This fall a group of 3D design students, led by Professor Lisa Nappa, cruised out to Turnbull, EWU’s neighboring National Wildlife Refuge. The students’ goal: to make art with just their imagination and the raw materials found in Mother Nature.
Before venturing out of the studio they watched excerpts from “Rivers and Tides,” the documentary about Andy Goldsworthy, who is a guru of ephemeral sculptures made strictly from elements of nature. They also had a brief practice session across the street at Sutton Park, where they quickly learned that sketching ideas ahead of time wouldn’t help.
“You have to play with the materials long enough to know what you can and can’t do with them,” said Monica Hoblin, a senior majoring in Visual Communications.

Arriving at Turnbull Wildlife Refuge, Hoblin paired up with Aziz Al Abdul Karem, a studio art major from Saudi Arabia, to arch long sticks over a small boulder, forming a cage-like canopy. The result is that your eye focuses not just on the cage but on the rock underneath, an object you wouldn’t notice otherwise.
Other students sewed leaves together with thorns, or filled the cracks of a fallen log with moss, implementing basic design principles such as line-form and contrast.
One student wreathed a boulder with bunchgrass, creating what looked like an eye peering out of the dry grass.
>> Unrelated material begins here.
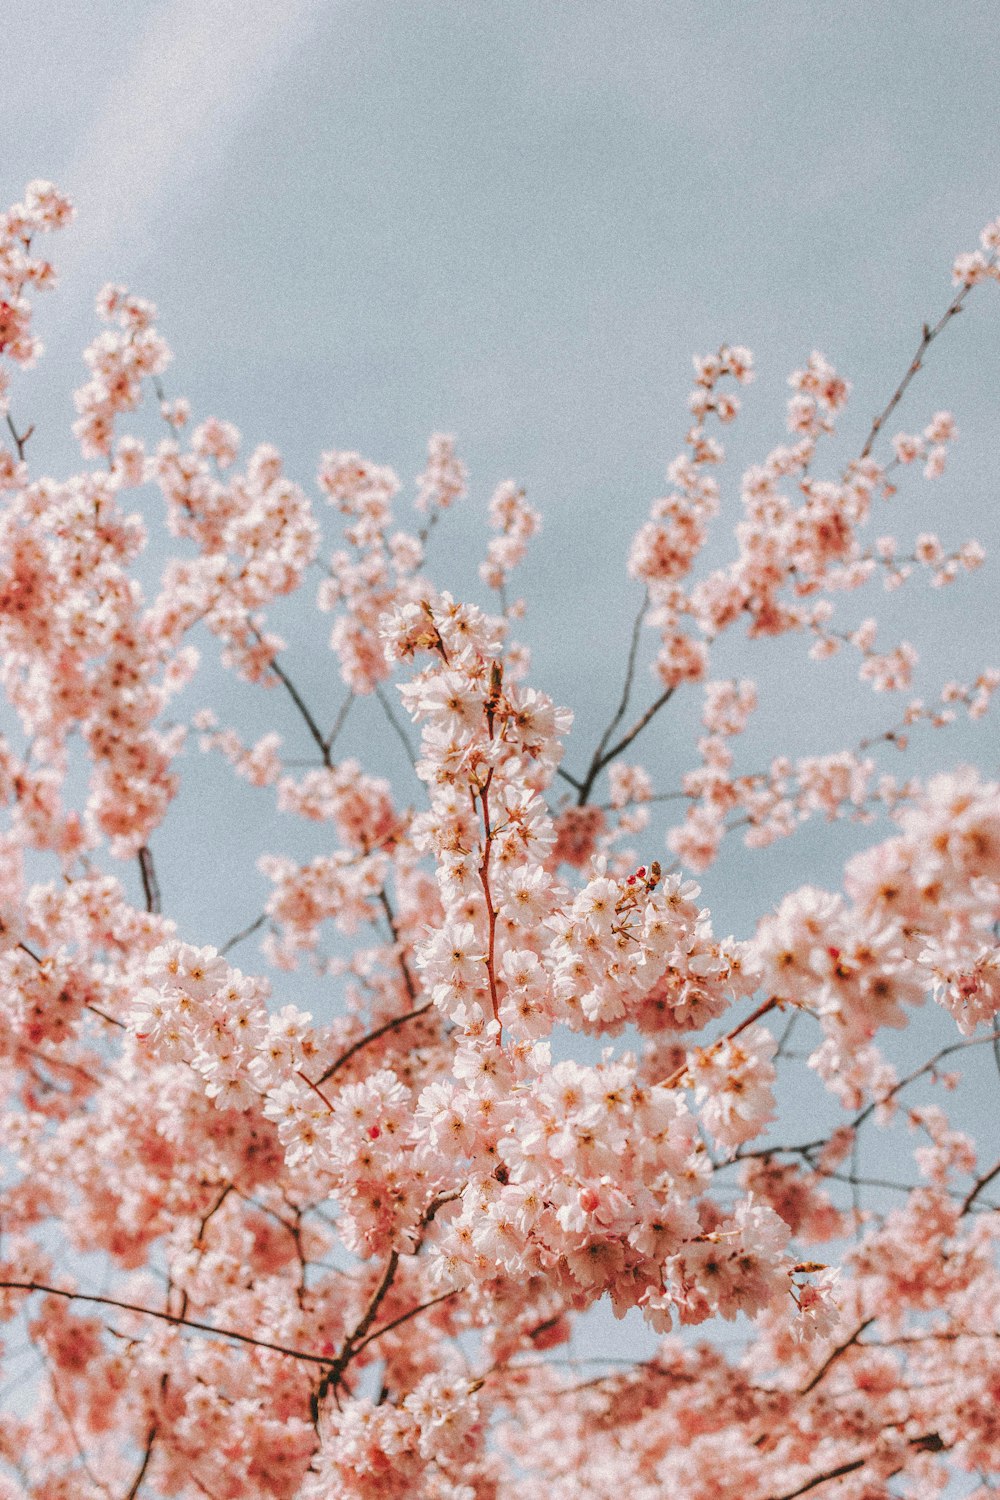 Rosa Kirschblütenbaum unter blauem Himmel tagsüber

“It was fun to get outside,” said Linnea Nystrom, a junior Occupational Therapy major from Olympia. She said the exercise made her pay closer attention to the colors of the particular season. “The fall colors contrasted with the grey mud and the white birch bark.” Though not an art major, she took Nappa’s 3D Design class as an elective, or as she put it, “for fun!”
Working directly with nature to sculpt works of art, the students knew nothing they made would last more than a day or two.
“You have to let it go,” says Hoblin. “It can’t be precious.”
She wove together fiery leaves, sticks and trumpet blossoms into a collage that adorned a birch tree trunk.
And yep: U.S. Park Rangers granted permission for this student project. It’s just one of the great parts of the strong relationship between EWU and the wildlife refuge.